Inflation has returned sharply
Although the Fed never fully returned inflation to its 2% target, conditions were stabilizing and inflation was slowing toward 2026. But with the Iran war and rising global tensions, that may be changing again. On April 10, new consumer price index data showed that the inflation rate in March rose to 3.3%. This was an increase of 0.9% from February and the largest month-on-month increase since June 2022. Moreover, even if this war were to end tomorrow, the rising costs of oil supply disruptions and trade restrictions would likely remain.
But how long will inflation continue to rise? More than 94% of economists surveyed by Bankrate said it could take until at least the end of 2027 for inflation to reach the Fed’s 2% target. Once it reaches a full 44%, it will push further and reach the 2% benchmark by the end of 2028.
For homebuyers and homeowners, these rising costs can trickle down. Home builders, already struggling with declining demand, high tariffs and a shrinking workforce, may be less likely to add construction if costs rise. Homeowners may feel the increase in oil prices on their utility bills, and further market inflation could make home maintenance and upgrades more expensive.
Reasons for cautious optimism
Despite multiple threats to the economy, it is likely to worsen further. After all, even a 34% chance of a recession is still overwhelmingly likely. do not have Happening. Here are some of the reasons economists think there is room for cautious optimism.
- Consumer growth engine: “Consumers remain a consistent growth engine in the U.S.…Consumers are generally stable and leading indicators are pointing to growth,” said Sydel Baker of ITR Economics.
- US energy independence: “The U.S. is a net exporter of oil, so the risk is much lower than in Europe and Asia, which import oil,” said Scott Anderson, chief U.S. economist at BMO Capital Markets.
- Labor market stability: “The labor market is slowing, but not cracking. Employers are holding back on hiring rather than rushing to make large-scale layoffs. This helps explain why job growth is expected to remain modest while the unemployment rate rises slightly,” Hamrick said.
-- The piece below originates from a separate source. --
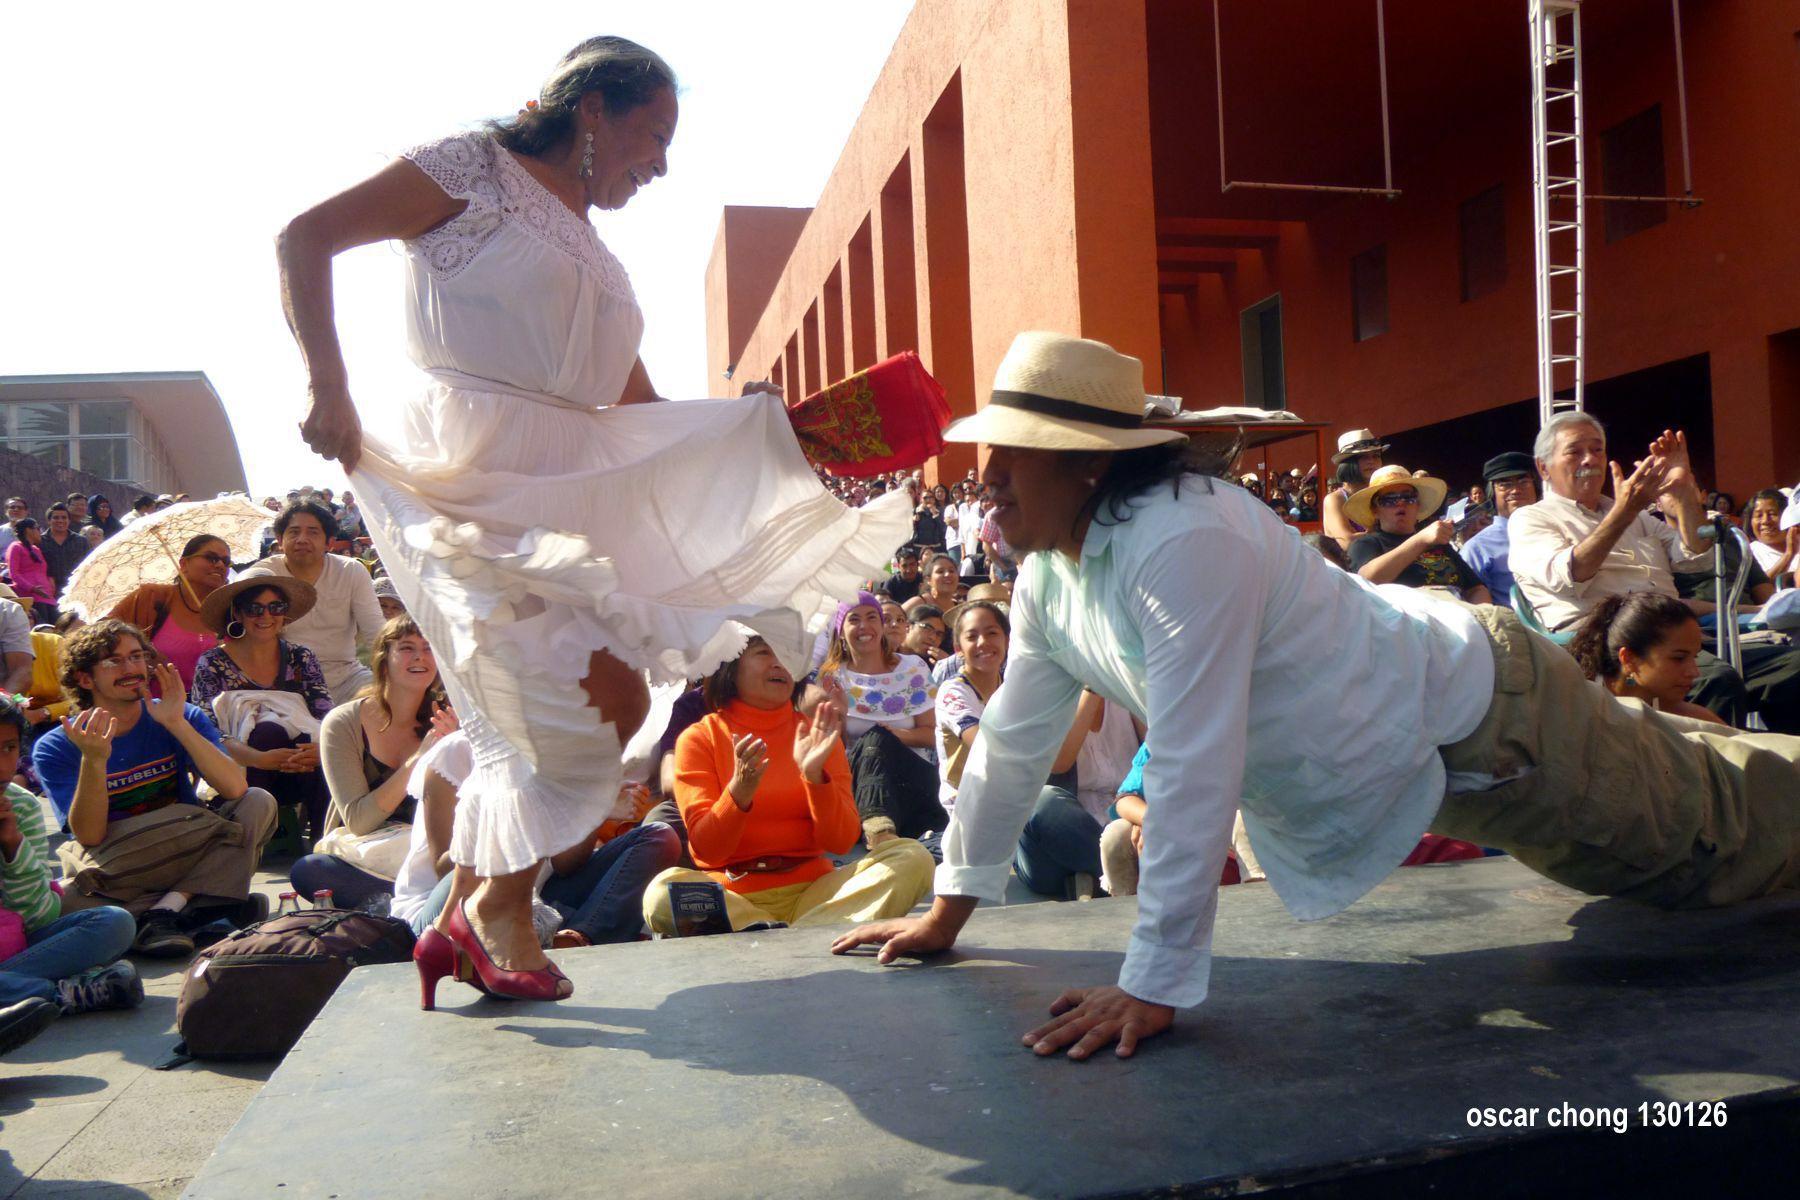 Son Jarocho Dance

Still, many Americans are feeling the current economic strain in their daily lives. Whether it’s at the grocery store, applying for a job, or trying to pay for housing. But even if the market is at a standstill, everyday life is not. People are still looking for ways to buy, sell, and pay rent.
“Life goes on even if mortgage rates go up and down over time,” Hamrick says. “People move because of marriages, divorces, births, deaths, new jobs, retirement, and all the other real-world changes that shape household decisions.”
It’s easy to see how a more affordable housing market and a healthier job market would enable more people to make big life decisions. Until then, many Americans are paying more for patience and preparedness for when they need to take action.